A beaverslide is a device for stacking hay, made of wooden poles and planks, that builds haystacks of loose, unbaled hay to be stored outdoors and used as fodder for livestock. The beaverslide consists of a frame supporting an inclined plane up which a load of hay is pushed to a height of about 30 ft, before dropping through a large gap. The resulting loaf-shaped haystacks can be up to 30 feet high, can weigh up to 20 tons, and can theoretically last up to five or six years. It was invented in the early 1900s and was first called the Beaverhead County Slide Stacker after its place of origin, the Big Hole Valley in Beaverhead County, Montana. The name was quickly shortened to "beaverslide."

== History ==

Early settlers in the American west initially stored hay for their livestock under shelter in barns and haylofts. However, unlike the east, where hay is fed as a supplemental form of forage, the northern plains had lengthy and severe winter weather and therefore large quantities of hay were needed to provide adequate forage for animals. Most haylofts were insufficient to store the quantities needed, but in the arid western United States, unlike the more humid east, hay could be stored without the protection of a barn. As a result, settlers used a variety of methods to stack and store large amounts of hay, inventing a number of agricultural machines to lift hay including hay derricks and various slides, including a predecessor to the beaverslide called a ram stacker.
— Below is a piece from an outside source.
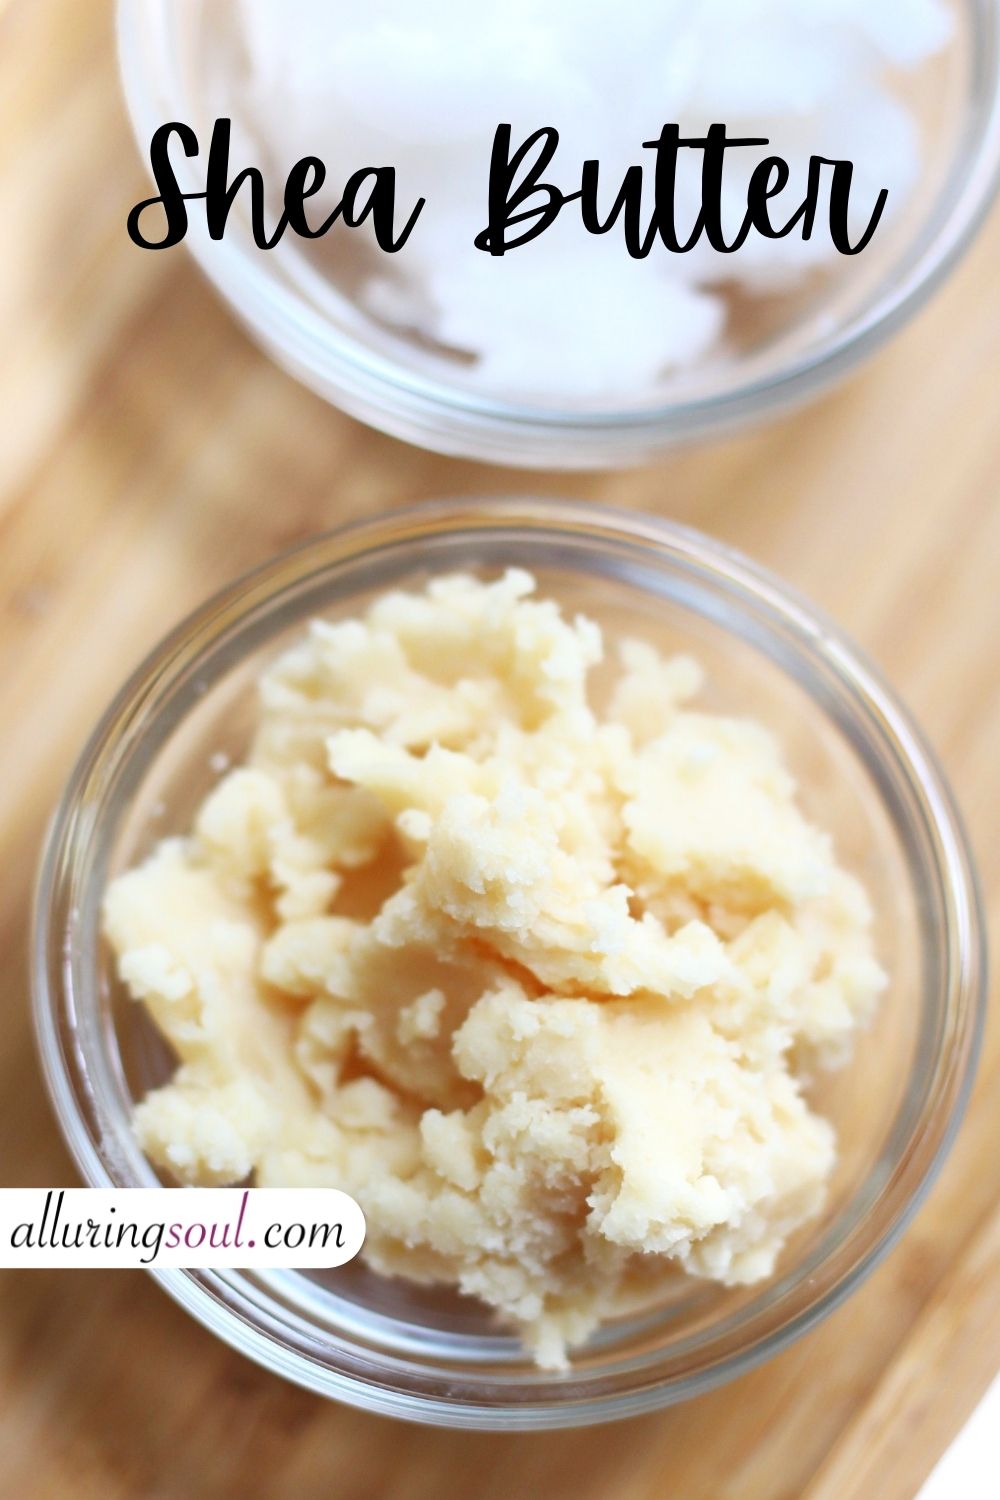 Shea Butter Vs Coconut Oil (And Which is best for Moisturiser?)

About 1908 the beaverslide was invented in Montana by two ranchers, Herbert S. Armitage and David J. Stephens, who ranched near Briston, in the Big Hole Valley, of Beaverhead County in southwestern Montana. Armitage and Stephens filed for a patent on September 7, 1909 and it was awarded on May 31, 1910. The beaverslide may have been called the "Sunny Slope Slide Stacker" at one time, but that name does not appear in the patent. Armitage and Stephens themselves referred to it as the "Beaverhead County Slide Stacker", which quickly became just "beaverslide".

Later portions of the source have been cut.